- The Washington Times - Wednesday, March 24, 2010

KISSIMMEE, Fla. | With all the attention being paid to the Republican Senate primary between former state House Speaker Marco Rubio and Gov. Charlie Crist, it may be easy to forget that there’s another major candidate seeking the seat - Democratic Rep. Kendrick B. Meek.

The Rubio-Crist race is one of the most closely watched in the country as Mr. Rubio has come from far behind quickly to pass Mr. Crist in the polls. Either can attract mobs of reporters, and they are often on national television.

Meanwhile, Mr. Meek, who has been campaigning for more than a year, is still unknown to about seven out of 10 Floridians. At recent stops in central Florida, he attracted crowds of about 30 people. No local media showed up. Yet Mr. Meek says that’s fine with him. He doesn’t mind letting the Republicans get all the attention as long as they keep criticizing each other.

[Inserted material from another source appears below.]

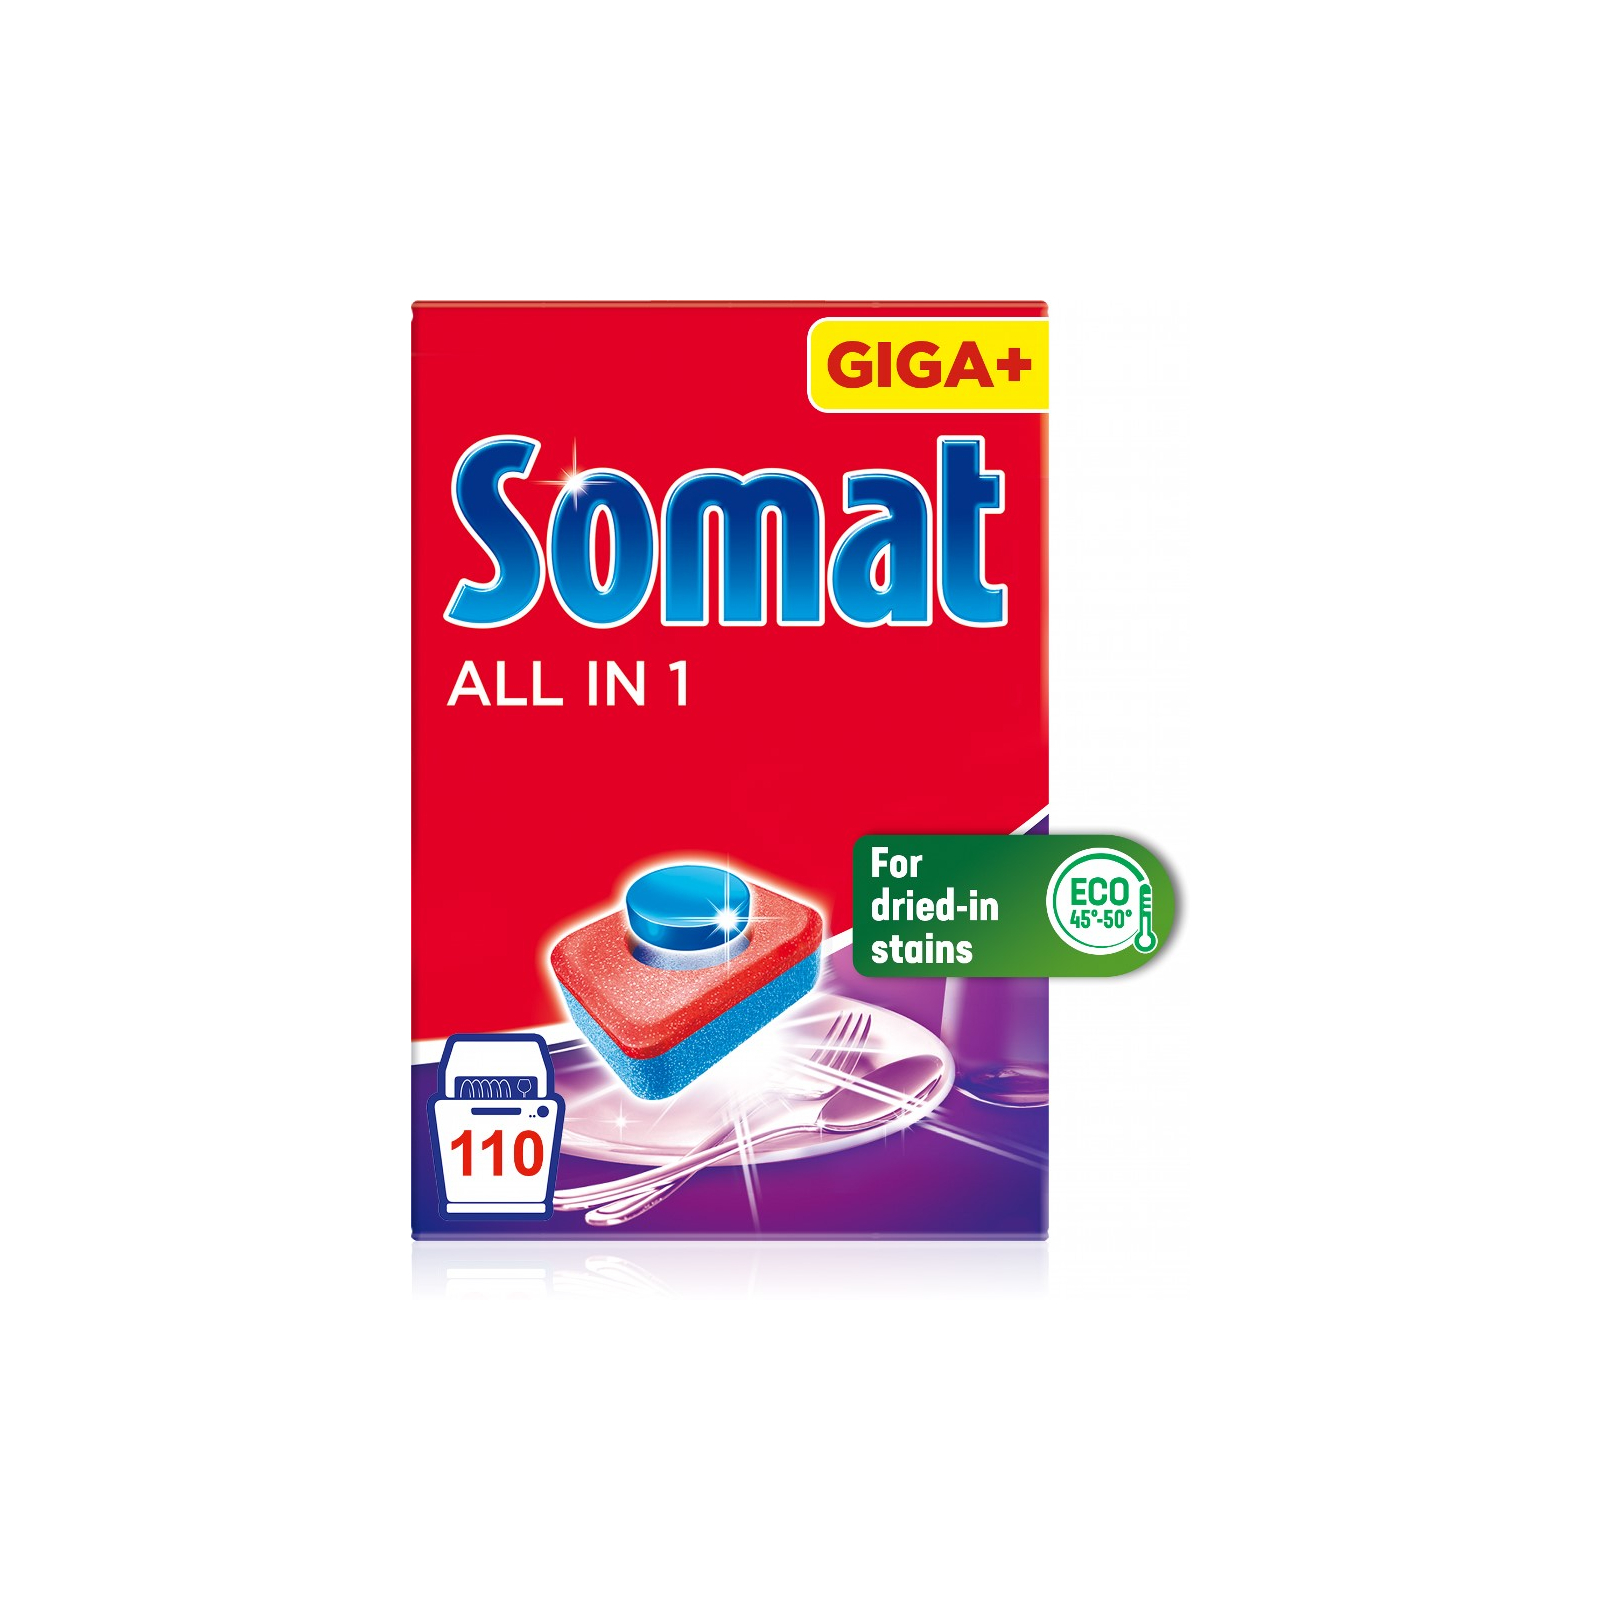 Таблетки для посудомоечных машин Somat All in 1 90 шт. (9000101534993) изображение 3

“We’re going to get our attention at the right time,” Mr. Meek said after meeting with a group of Hispanic supporters outside a Dominican restaurant. “I don’t see it as wasted ink as it relates to newspapers when the coverage is the dirty and nasty Republican primary. To the average voter that’s out there trying to make ends meet, they’re turned off by that.”

Mr. Meek, 43, has a primary of his own - former Miami Mayor Maurice Ferre is also running - but he is considered the clear front-runner. That may allow him to save much of his money for the general election and be in a position to define himself after Mr. Crist and Mr. Rubio finish focusing on each other.

“Whatever comes out of the Republican primary, if it’s the governor or the former speaker, that candidate would have not only made statements, but taken positions that [have] very little to do with the future of Florida, but has a lot to do with ideology,” Mr. Meek told supporters last weekend.

Mr. Meek is quietly building up grass-roots support and focusing on fundraising. He is trying to become the first person in Florida to qualify for the Senate ballot by petition, hoping to gather more than 112,000 names, along with contact information for possible donations and volunteers. He has until March 29 to file the petitions; otherwise, he can write a check for about $10,000 to get on the ballot.

Mr. Meek, a former Florida Highway Patrol trooper, served in the state Senate from 1998-2002, when he was elected to the Miami congressional seat previously held by his mother, Carrie Meek. He also led the effort to change the state constitution to limit school-class sizes.

In Congress, he served on the Armed Services Committee in his first three terms. He hopes his law-enforcement background and military expertise win over votes north of Interstate 4.

“Some people are shocked when they hear I was a state trooper. Some people are shocked that I was on the Armed Services Committee,” said Mr. Meek, adding that voters shouldn’t think he’s too liberal just because he’s from South Florida. “As people learn more about me, they say, ‘Oh, OK.’ ”

In the meantime, the Crist-Rubio race just keeps getting nastier. David Beattie, a Democratic strategist based in Fernandina Beach, noted that Mr. Crist is doing whatever he can to make Mr. Rubio look like a crooked politician by pointing out personal charges on a party credit card and questioning how he spent money donated to a political committee and more.

And Mr. Rubio is constantly attacking Mr. Crist.

“Rubio is going to continue the tactic that Crist is a bad governor, he’s a sellout, and he’ll say anything to get elected,” Mr. Beattie said. “These are personal attacks who will leave whoever emerges pretty bruised.” The primary is Aug. 24.

Mr. Rubio recognizes that a brutal primary can hurt the Republican nominee and has said he wants the campaign to be about issues and policy and not personal attacks.

Mr. Crist did not respond to requests for comment for this article made through his campaign.